▸ **Exercise objective**
Repeat the entire listing exactly. Omit all pictures.

▸ **Data shown**
- Opening Delimiter -

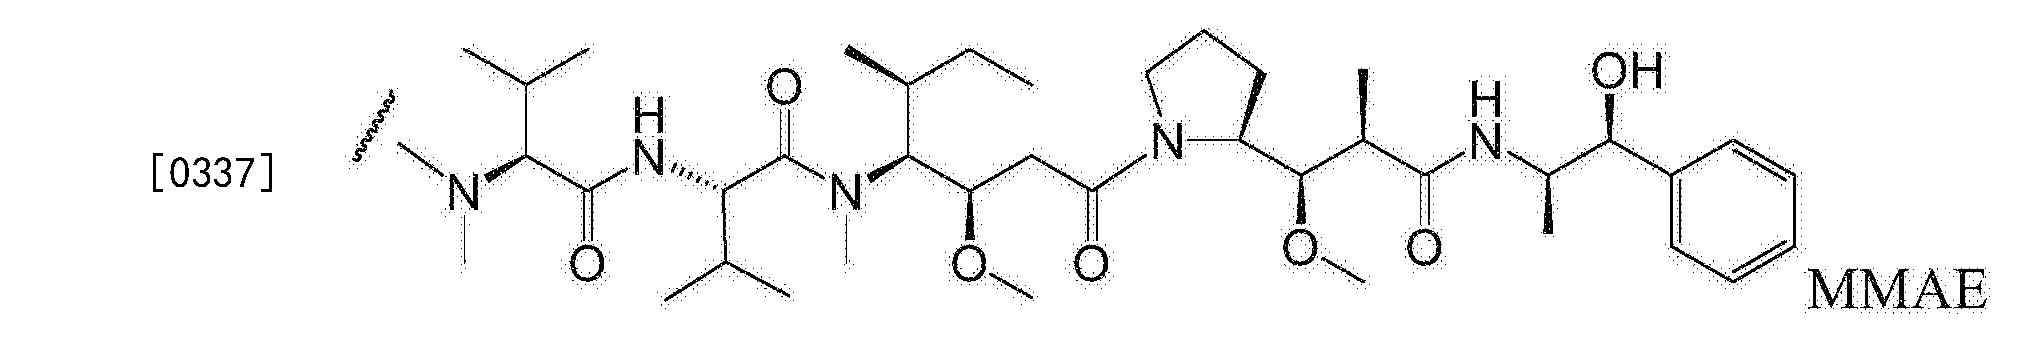 Figure CN106413756AD00451
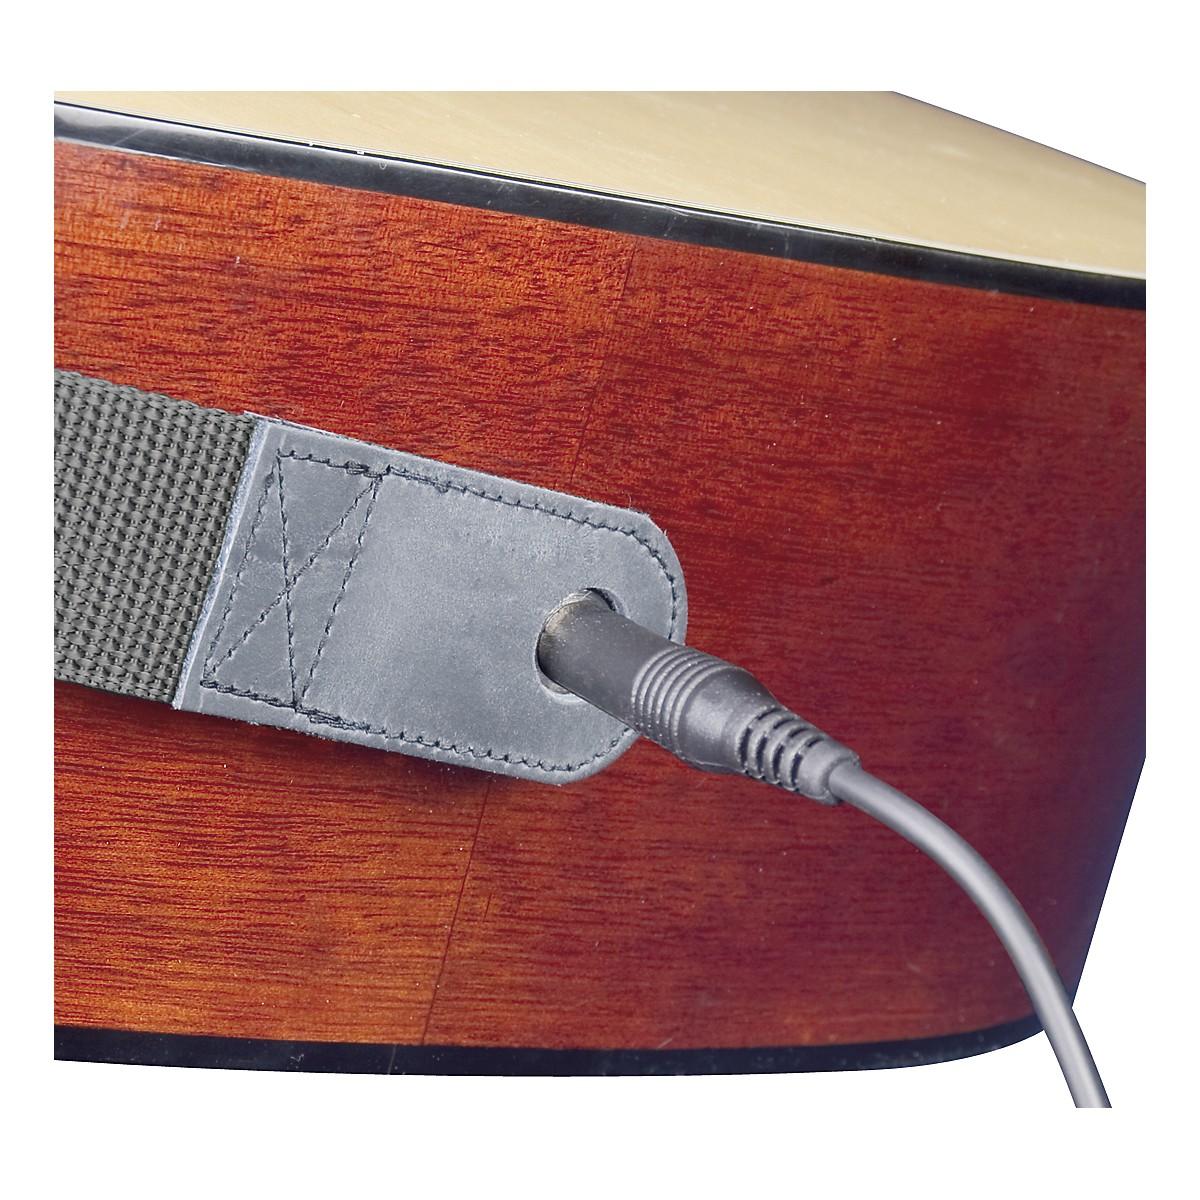 Neotech Slimline Acoustic Guitar Strap - End Pin Jack Version Long
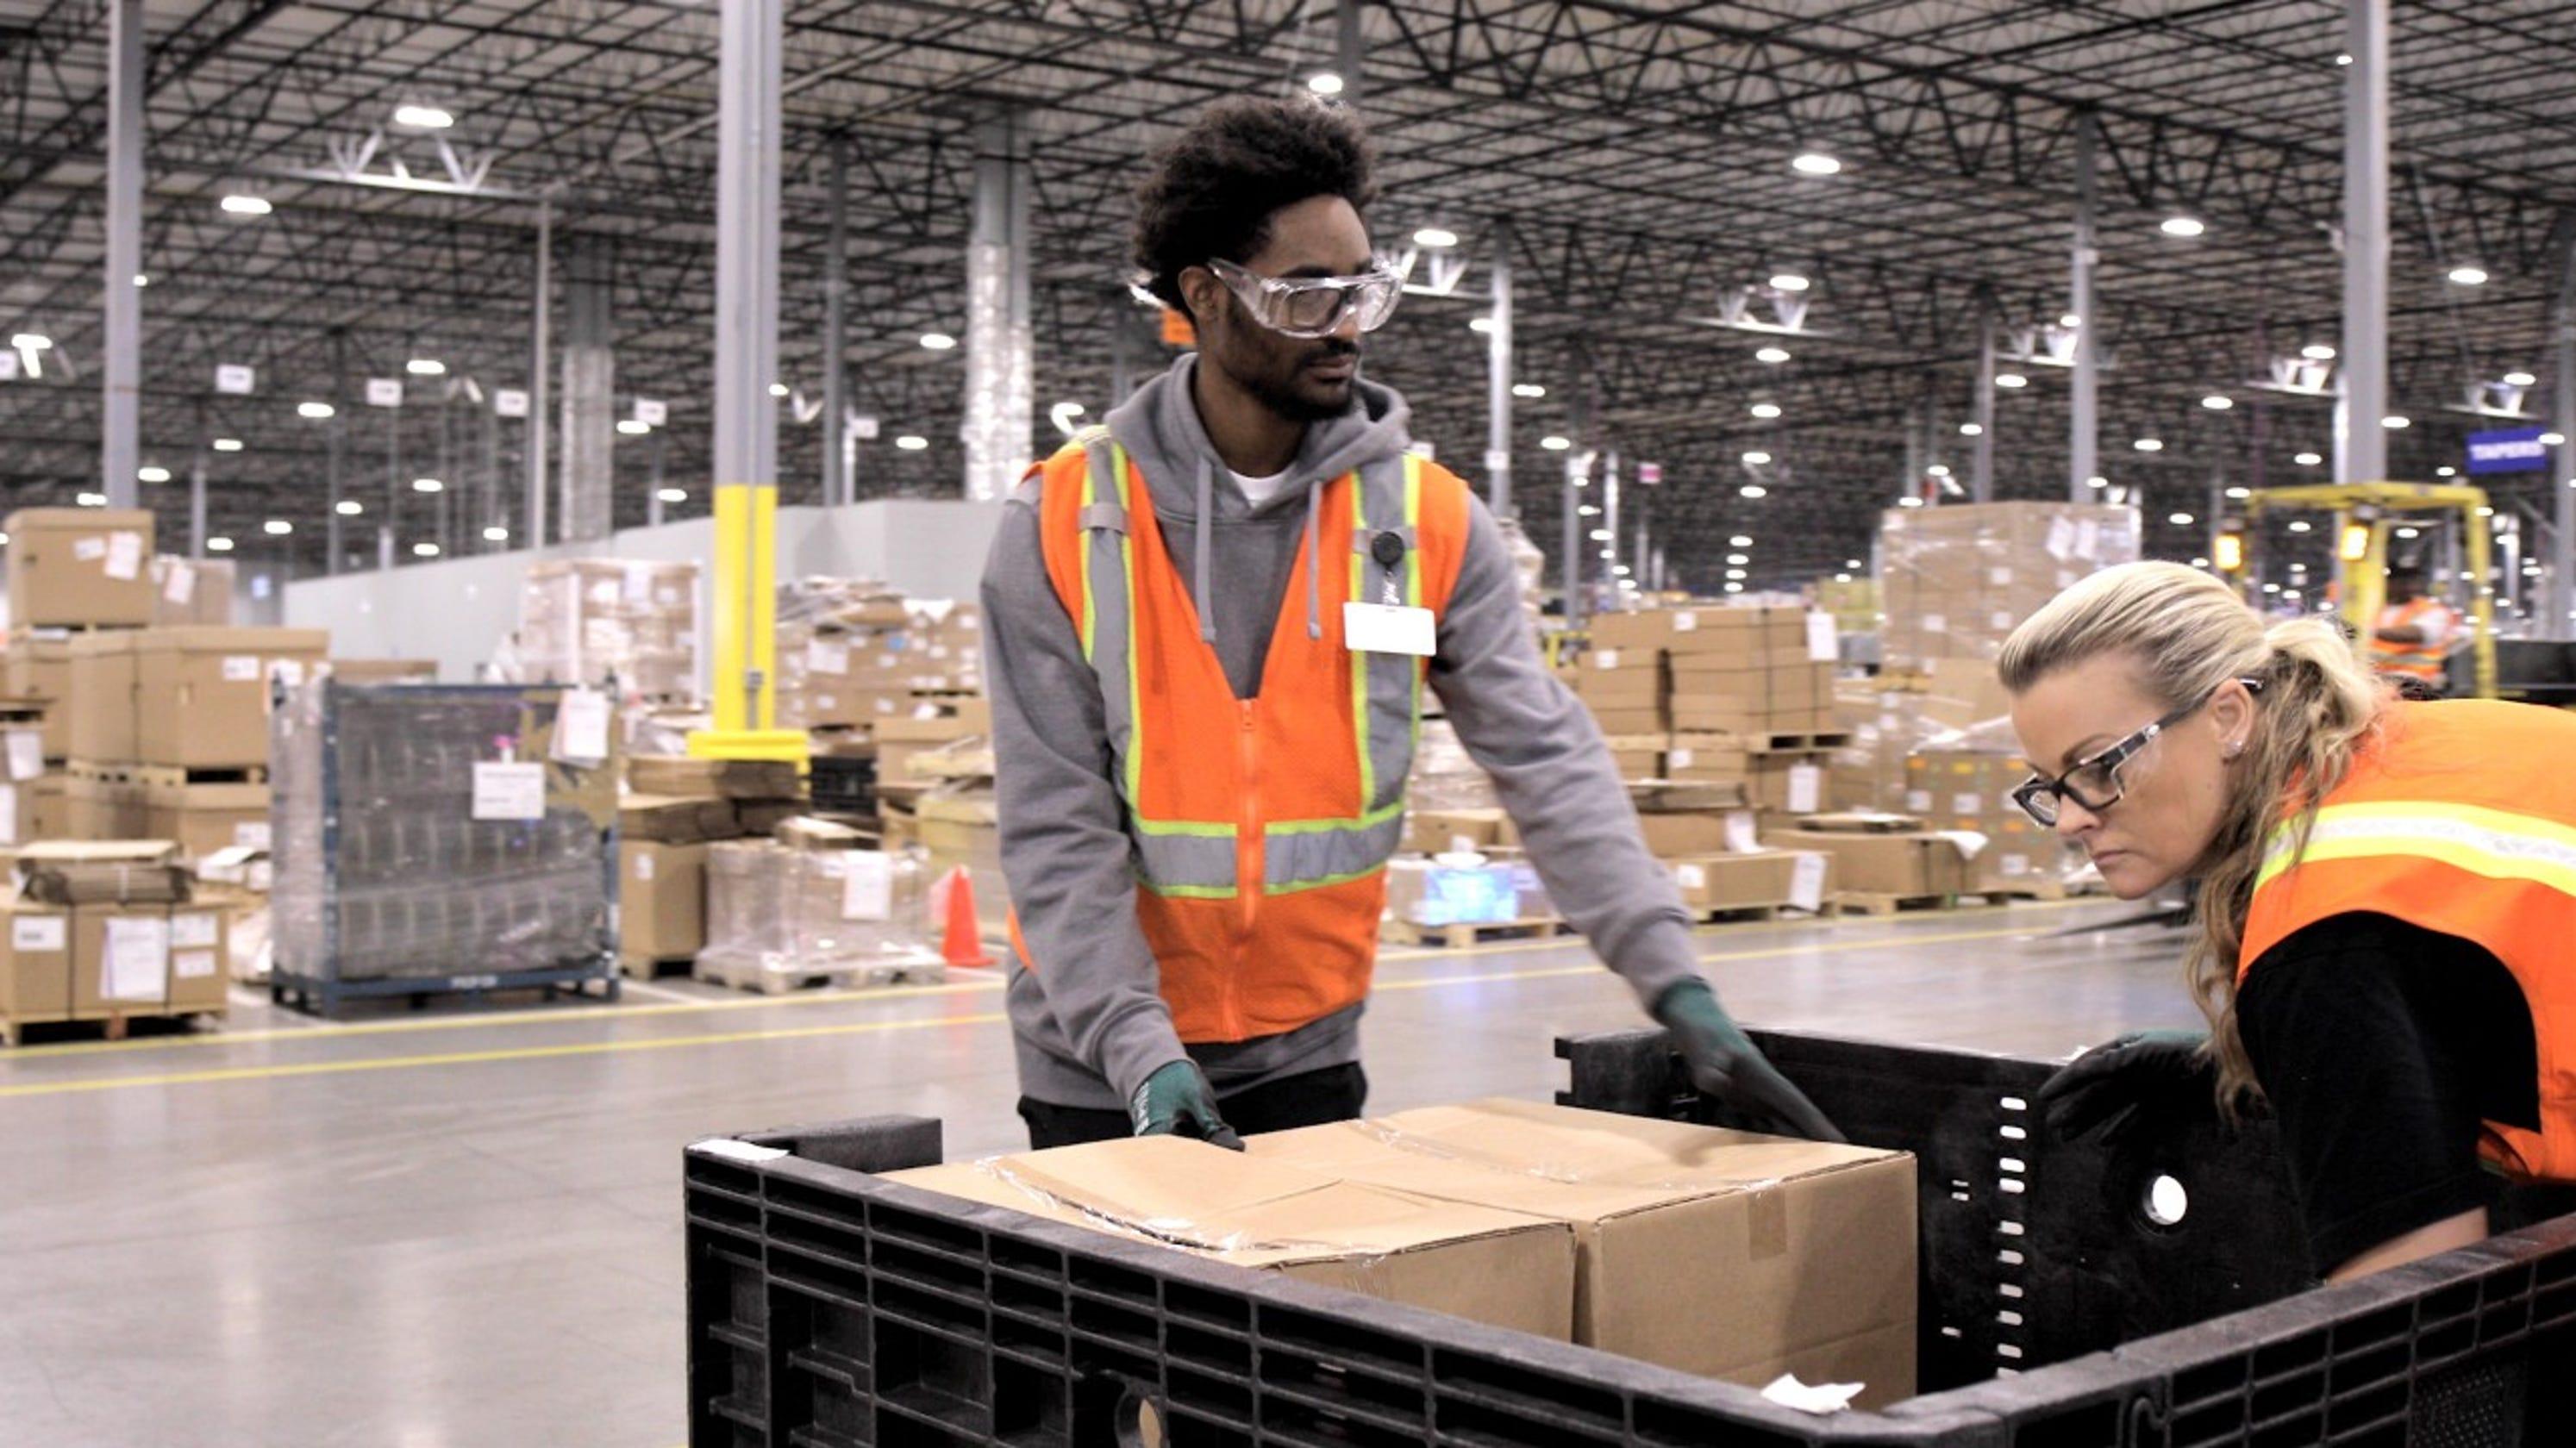 GM opens $65M new parts processing center, keeping jobs near Flint

- Closing Delimiter -

▸ **Answer for the task**
 Figure CN106413756AD00451
 Neotech Slimline Acoustic Guitar Strap - End Pin Jack Version Long
 GM opens $65M new parts processing center, keeping jobs near Flint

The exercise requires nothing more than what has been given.